Autonomous under-canopy navigation is challenging due to the tight spacing between the crop rows (~0.75 m), degradation in RTK-GPS accuracy due to multipath error, and noise in LiDAR measurements from the excessive clutter.
Earlier work called CropFollow addressed these challenges by proposing a learning-based visual navigation system with end-to-end perception.
However, this approach has the following limitations: Lack of interpretable representation, and Sensitivity to outlier predictions during occlusion due to lack of a confidence measure.
Our system, CropFollow++, introduces modular perception architecture with a learned semantic keypoint representation.

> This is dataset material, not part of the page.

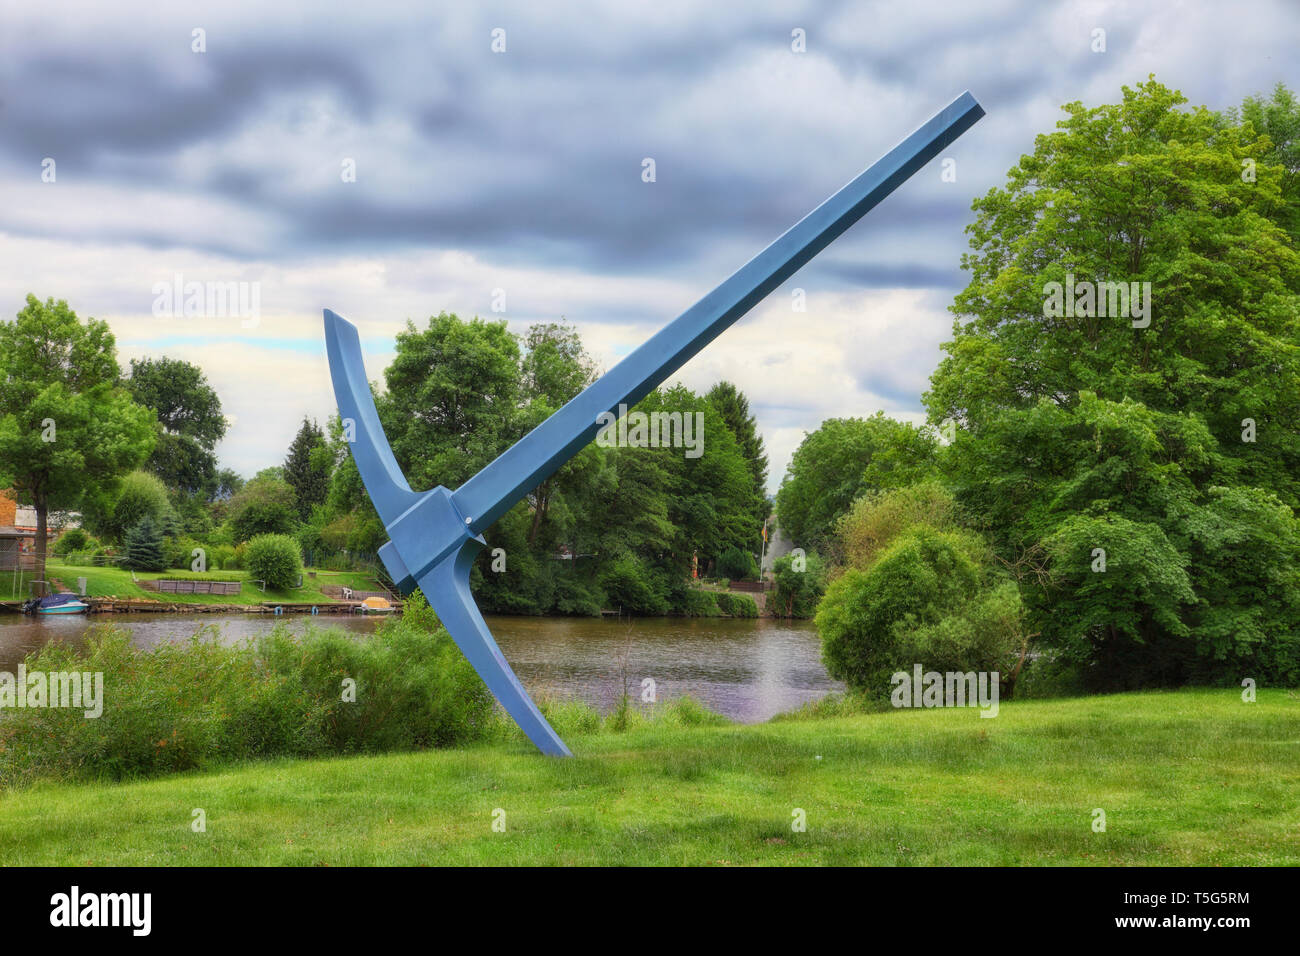 Huge pick axe in front of a river Stock Photo

This learned representation is more modular, and more interpretable than CropFollow, and provides a confidence measure to detect occlusions.
CropFollow++ significantly outperformed CropFollow in terms of the number of collisions (13 vs. 33) in field tests spanning ~1.9km each in challenging late-season fields with significant occlusions.
We also deployed CropFollow++ in multiple under-canopy cover crop planting robots on a large scale (25 km in total) in various field conditions and we discuss the key lessons learned from this.
The camera RGB image is used as input to our neural network model that predicts keypoints to locate the crop rows. The keypoints are used to create a trajectory that is used as the reference for an MPC to navigate the robot.